● **DATA PROVIDED**
*** Begin section ***
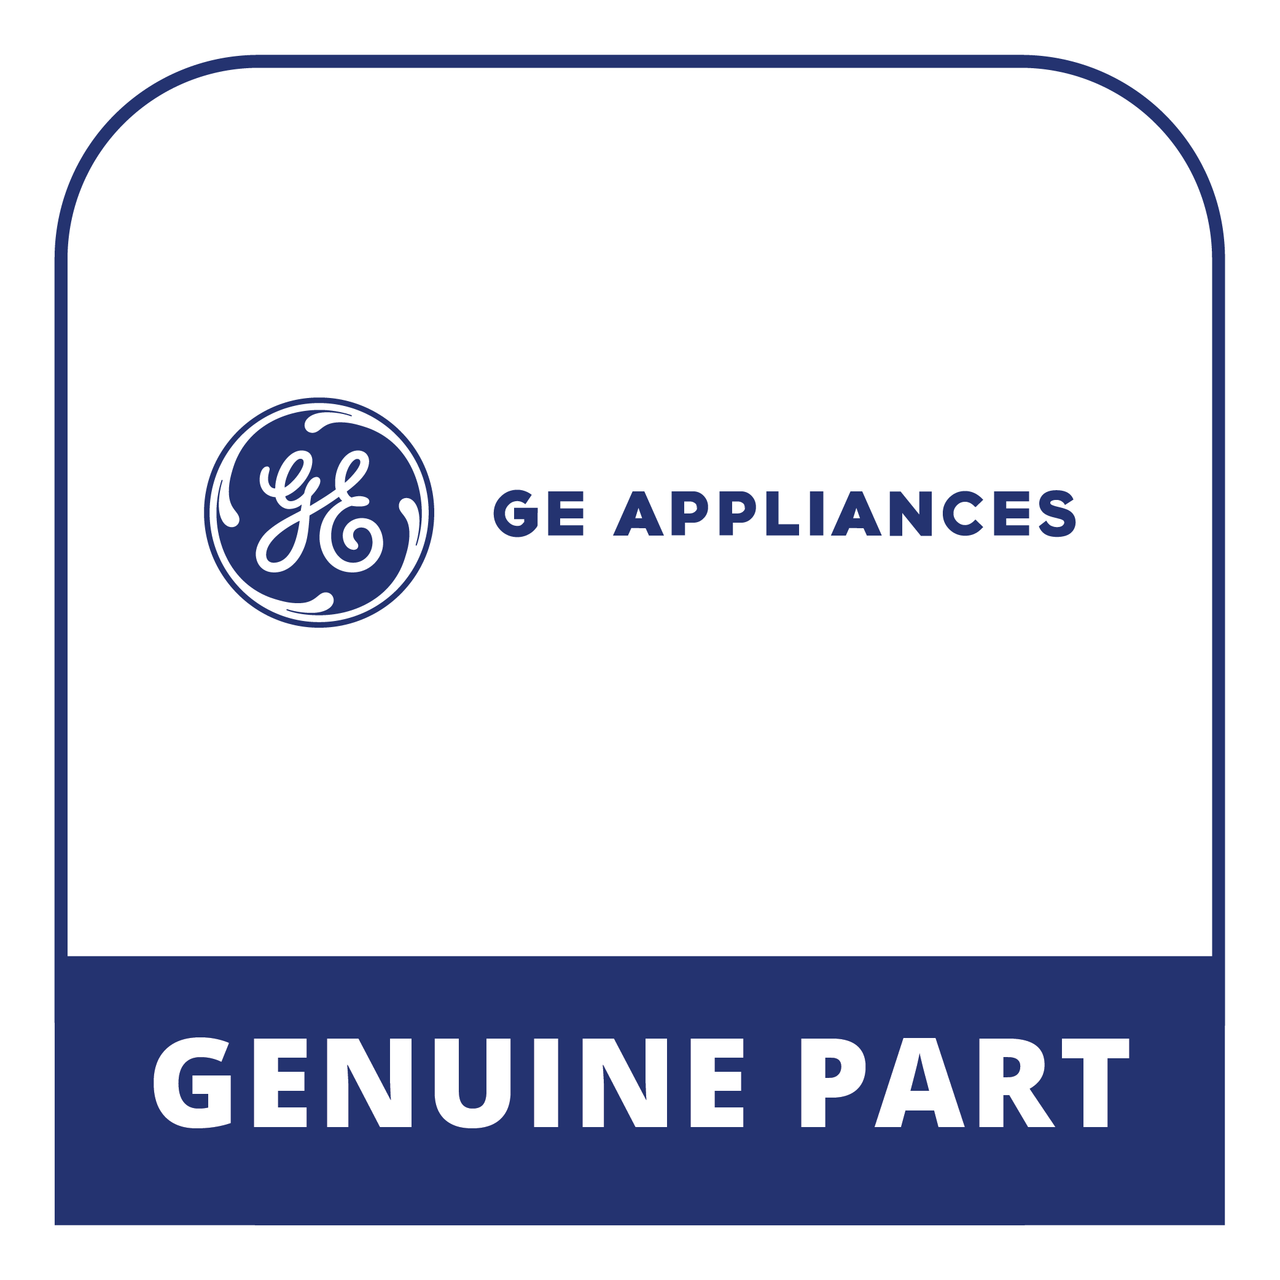 GE Appliances WR49X10144 - Slide Brkt Asm Kit 7 In - Genuine Part
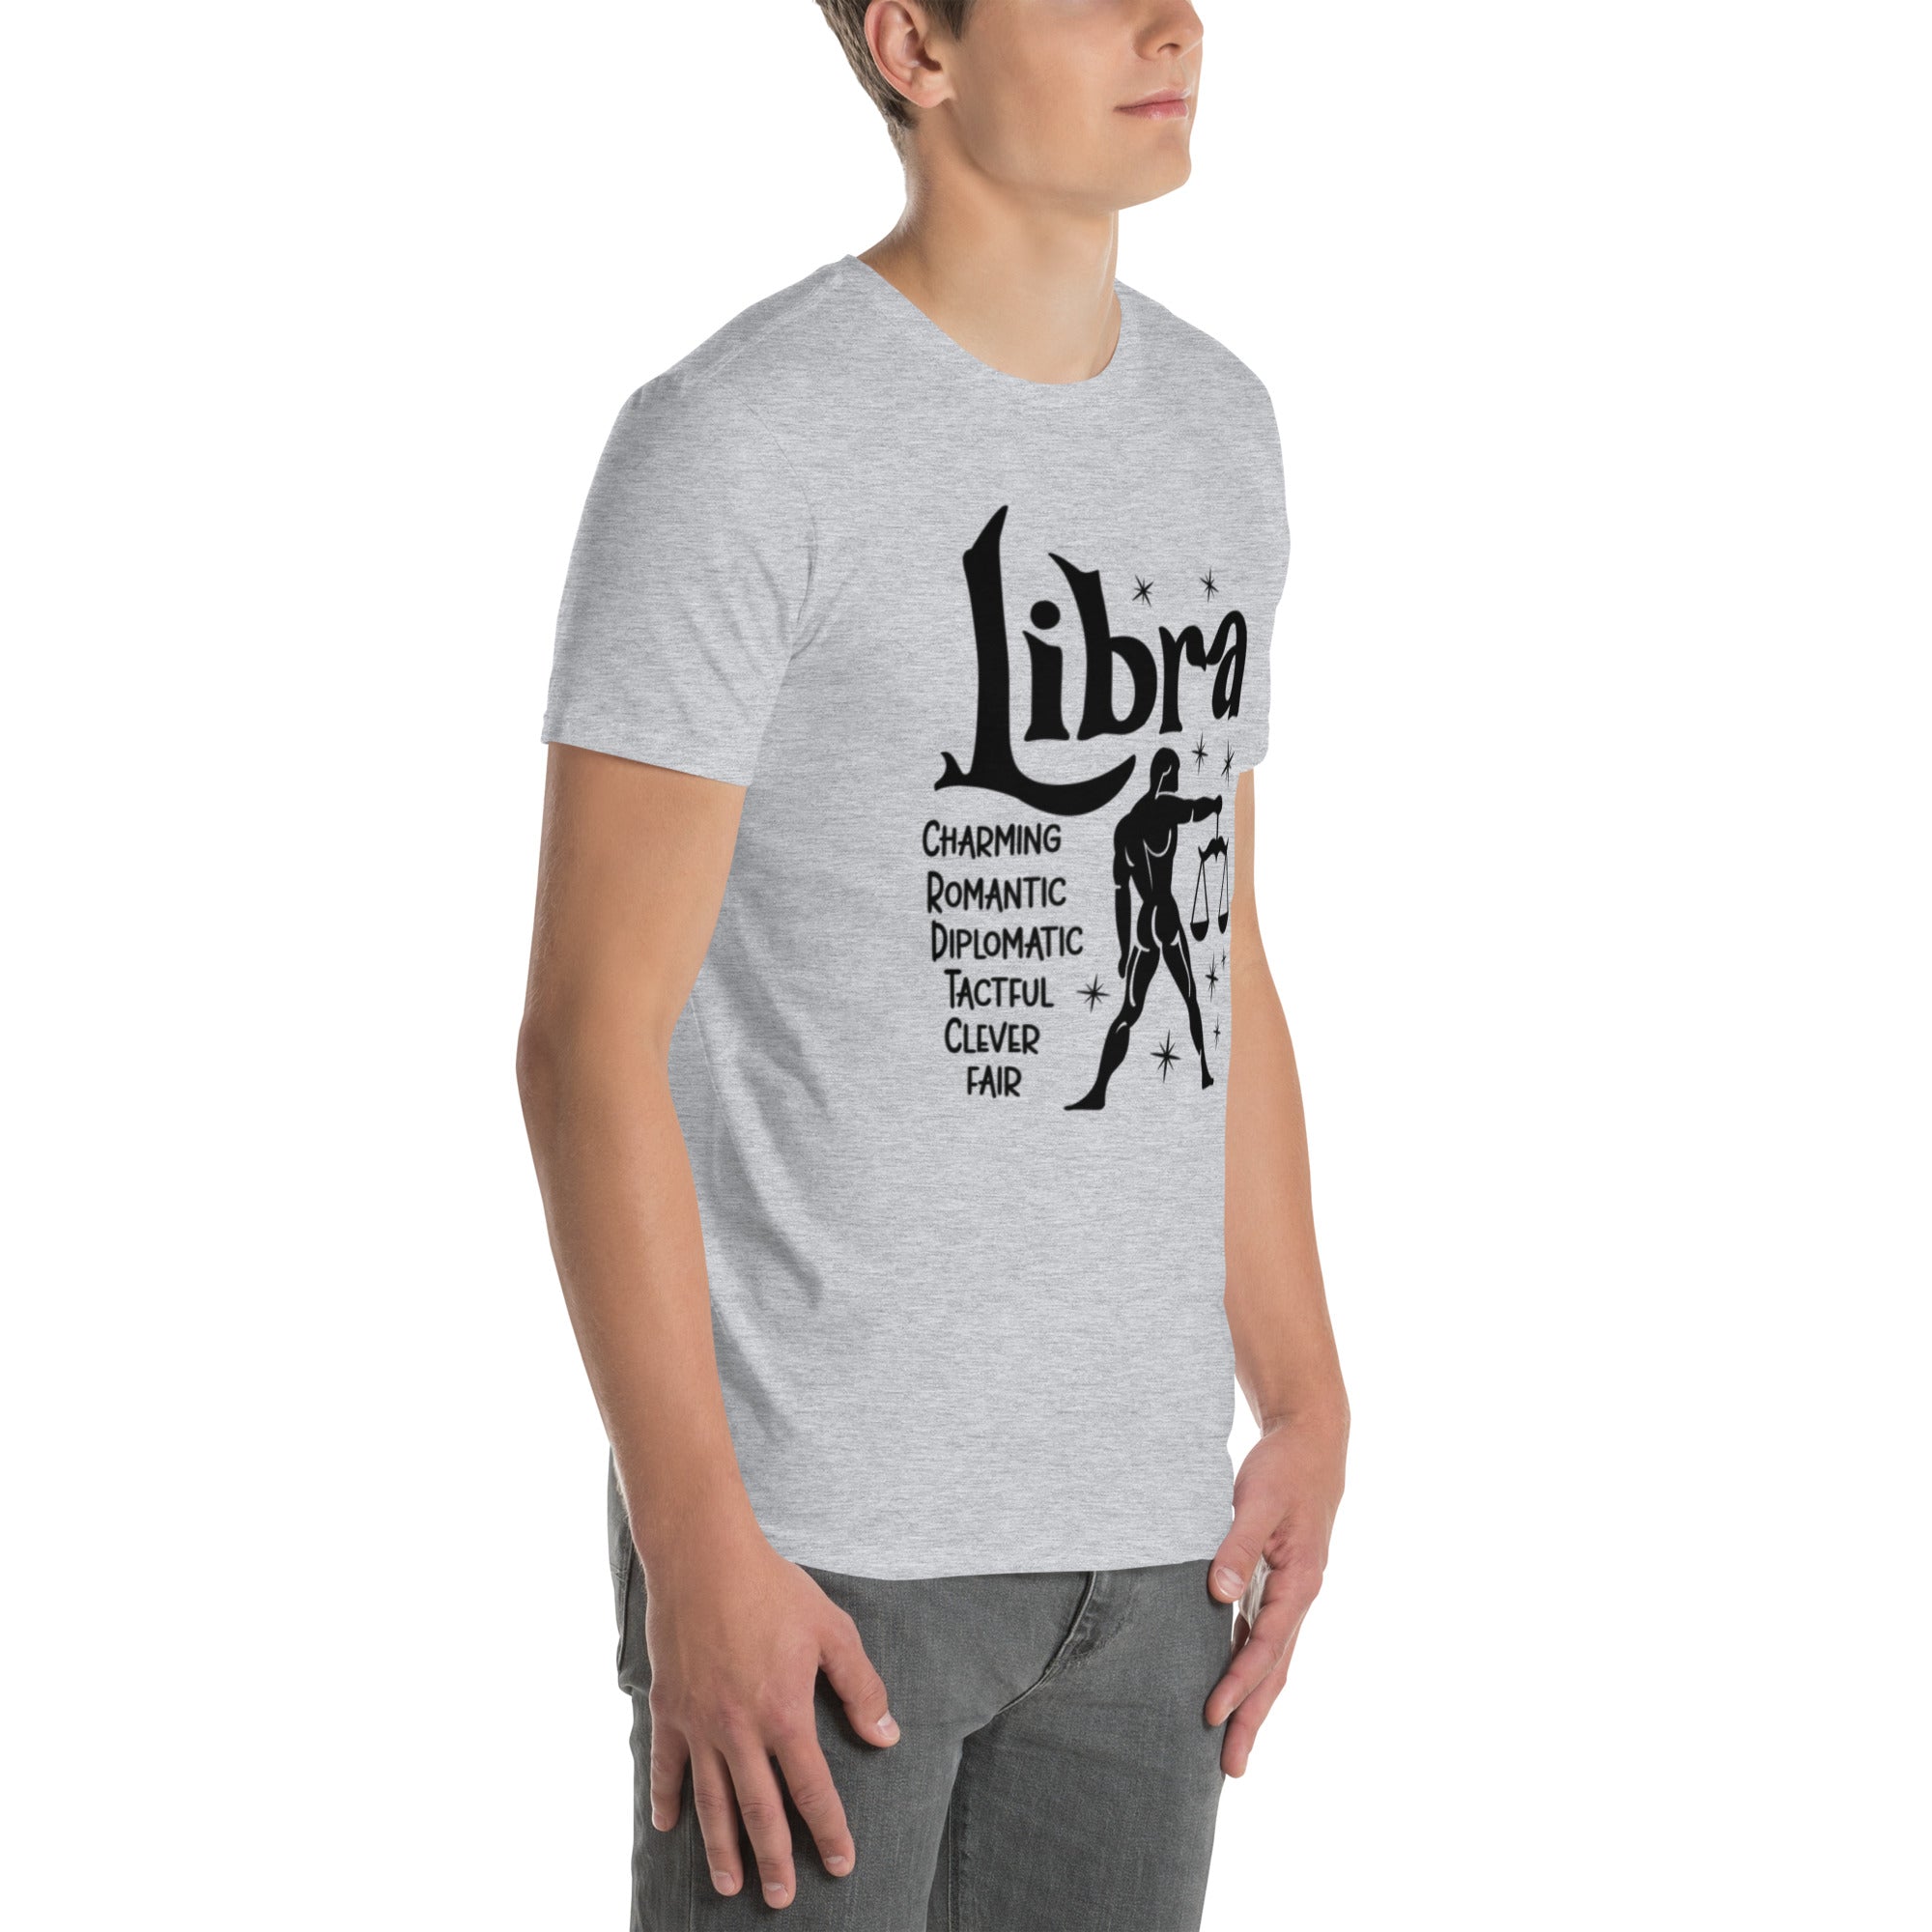 Short-Sleeve Unisex T-Shirt- Libra
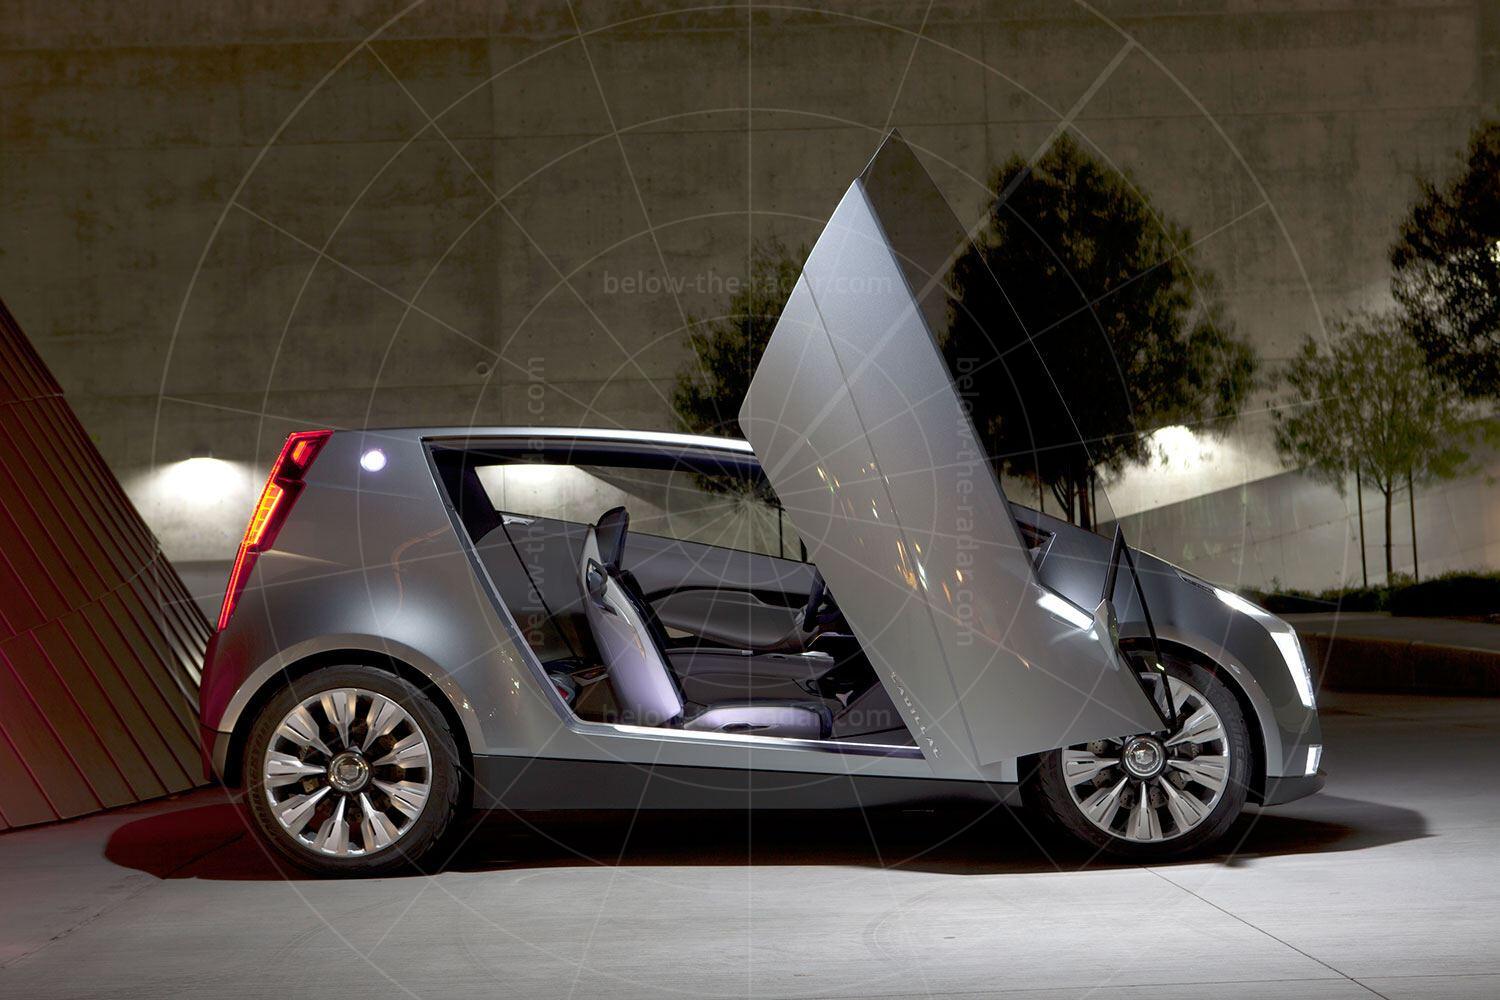 Cadillac Urban Luxury Concept Pic: GM | Cadillac Urban Luxury Concept
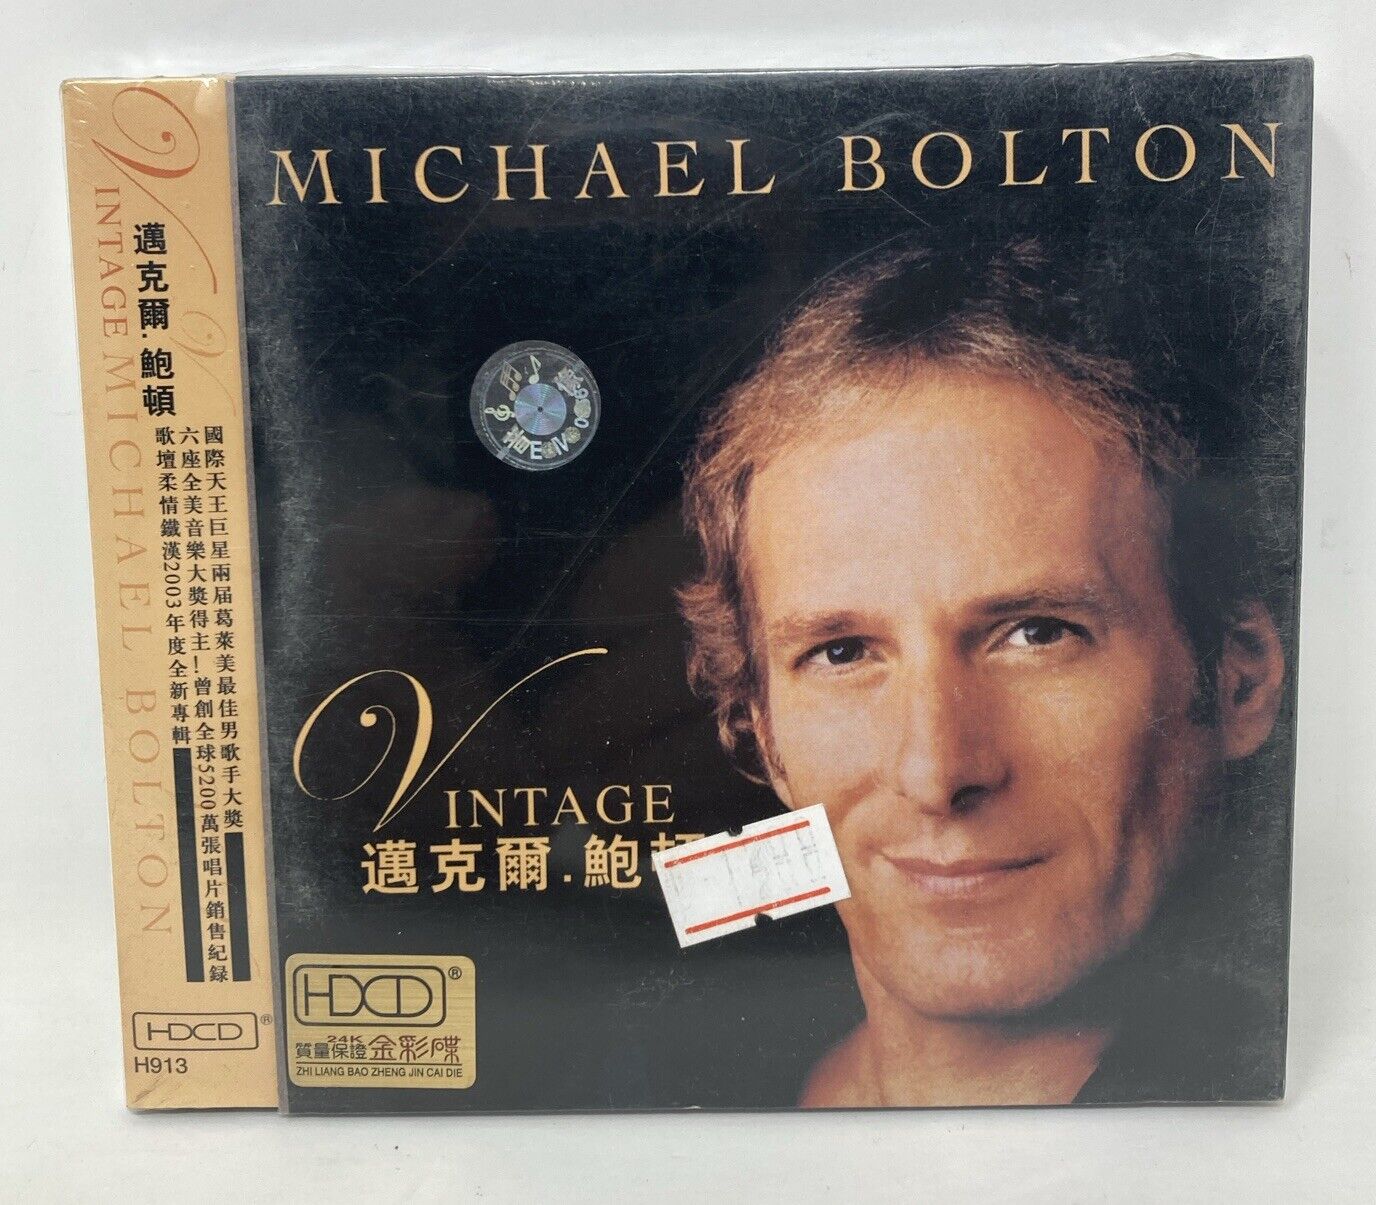 Michael Bolton Vintage Japanese Import HDCD Digitally Remastered CD 2003 Rare
*** End section ***
Return the whole listing word for word, minus its pictures.

● **RESULT BELOW**
 GE Appliances WR49X10144 - Slide Brkt Asm Kit 7 In - Genuine Part
 Short-Sleeve Unisex T-Shirt- Libra
 Cadillac Urban Luxury Concept Pic: GM | Cadillac Urban Luxury Concept
 Michael Bolton Vintage Japanese Import HDCD Digitally Remastered CD 2003 Rare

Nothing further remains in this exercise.